--- DATA SECTION ---
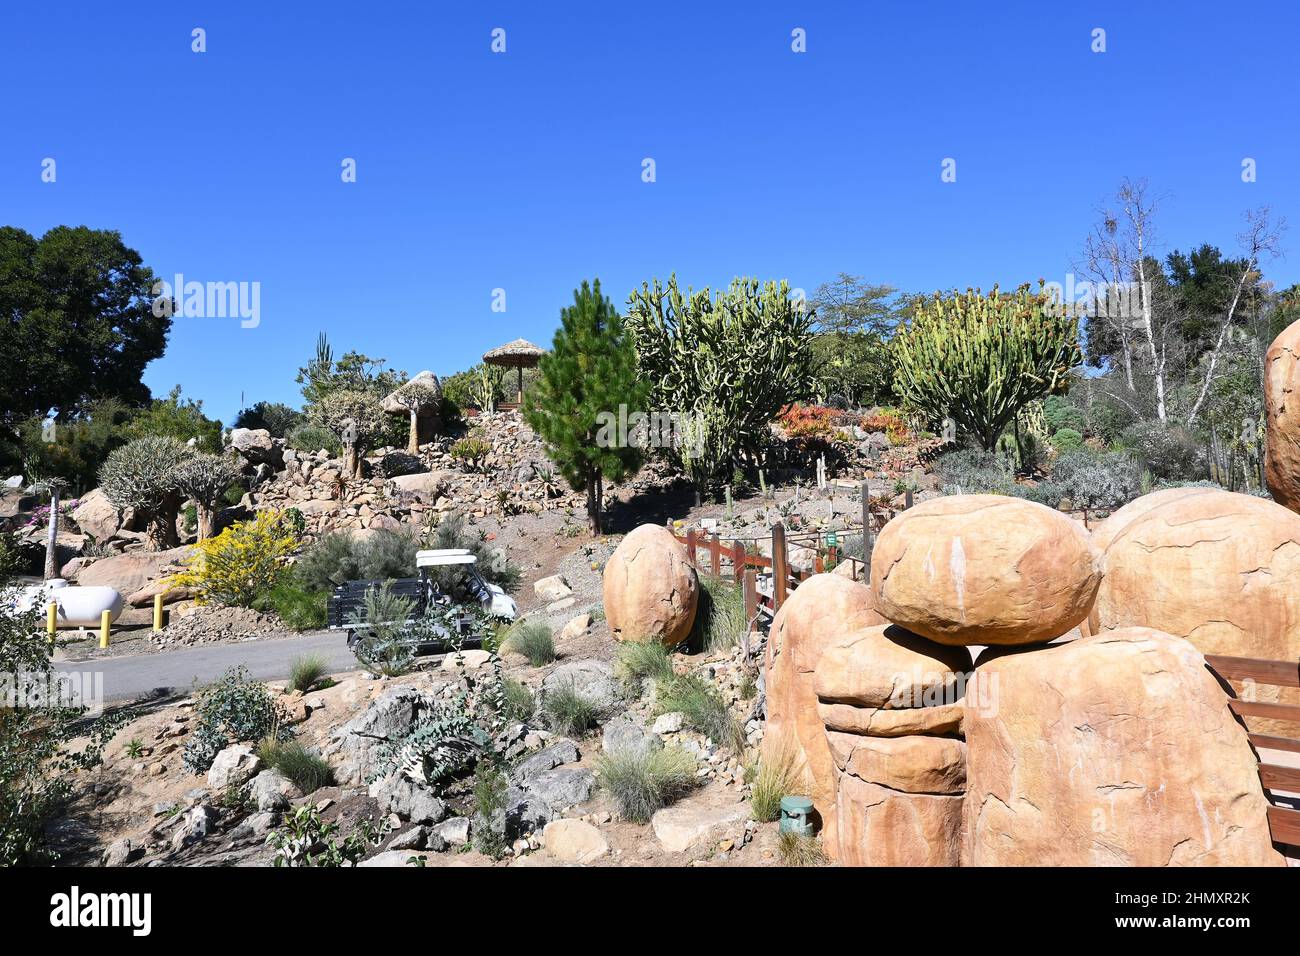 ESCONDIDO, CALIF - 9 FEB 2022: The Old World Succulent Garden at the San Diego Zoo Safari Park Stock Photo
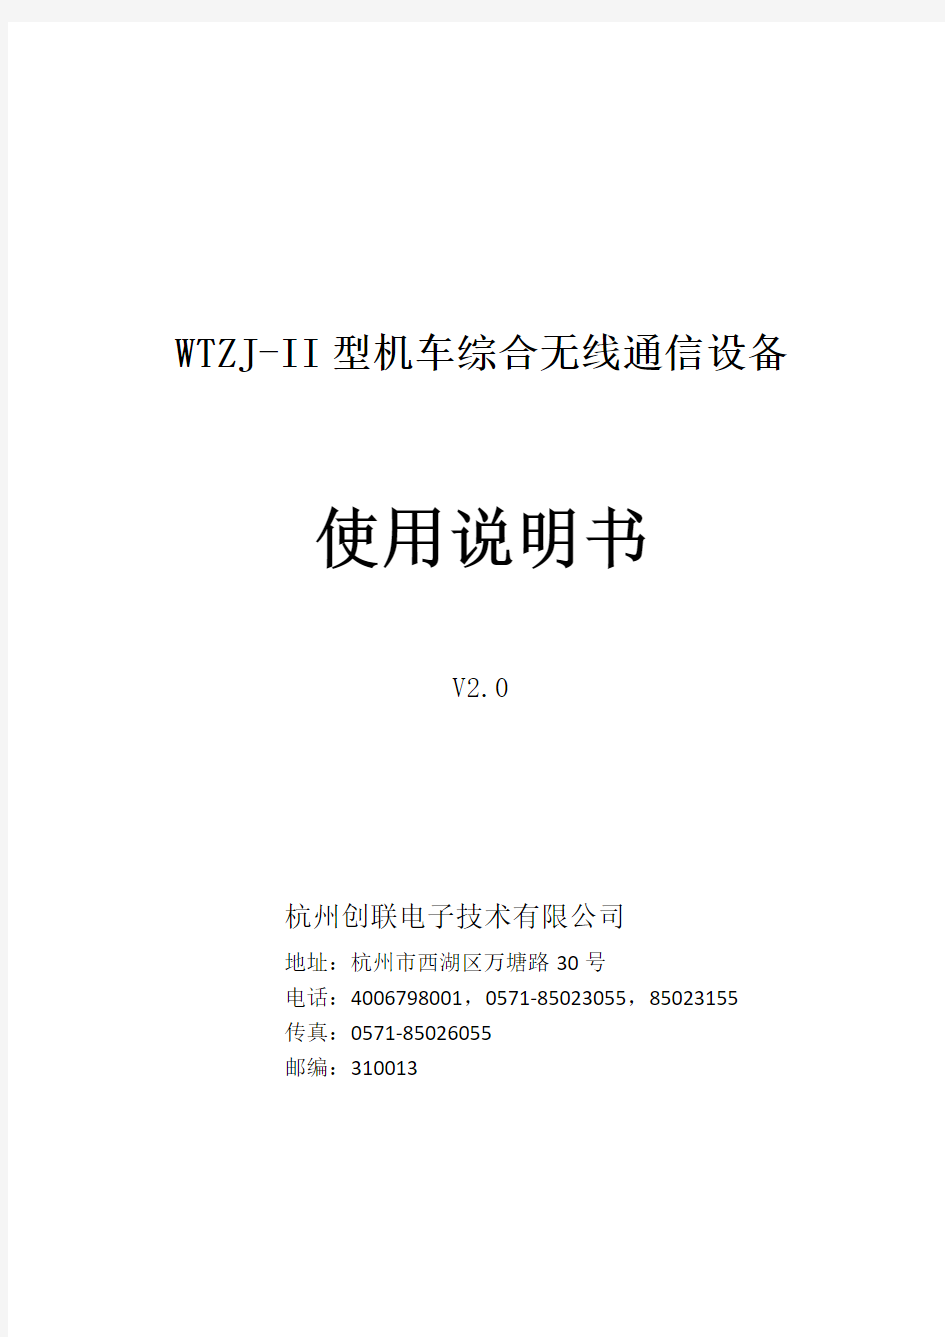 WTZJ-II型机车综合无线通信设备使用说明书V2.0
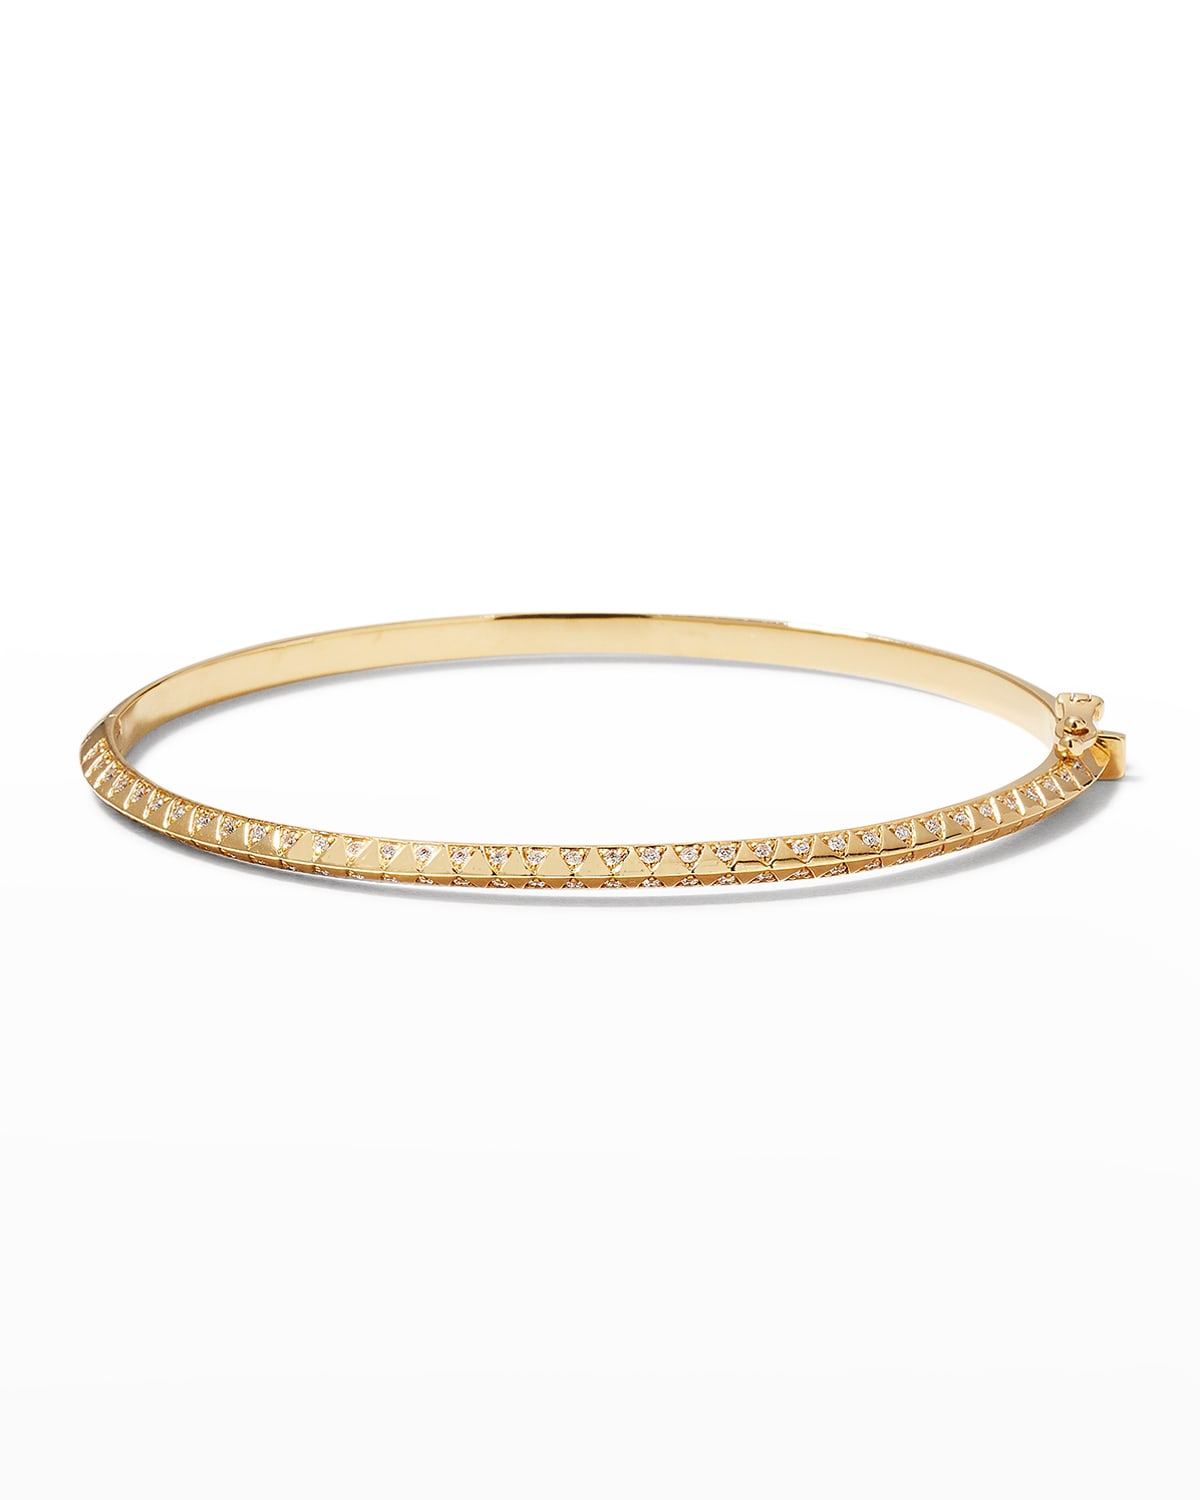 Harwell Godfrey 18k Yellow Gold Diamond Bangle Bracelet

--- ABOUT THIS EXERCISE ---
Print the whole listing exactly. No pictures belong in the copy.

--- TASK ANSWER ---
 ESCONDIDO, CALIF - 9 FEB 2022: The Old World Succulent Garden at the San Diego Zoo Safari Park Stock Photo
 WTZJ-II型机车综合无线通信设备使用说明书V2.0
 Harwell Godfrey 18k Yellow Gold Diamond Bangle Bracelet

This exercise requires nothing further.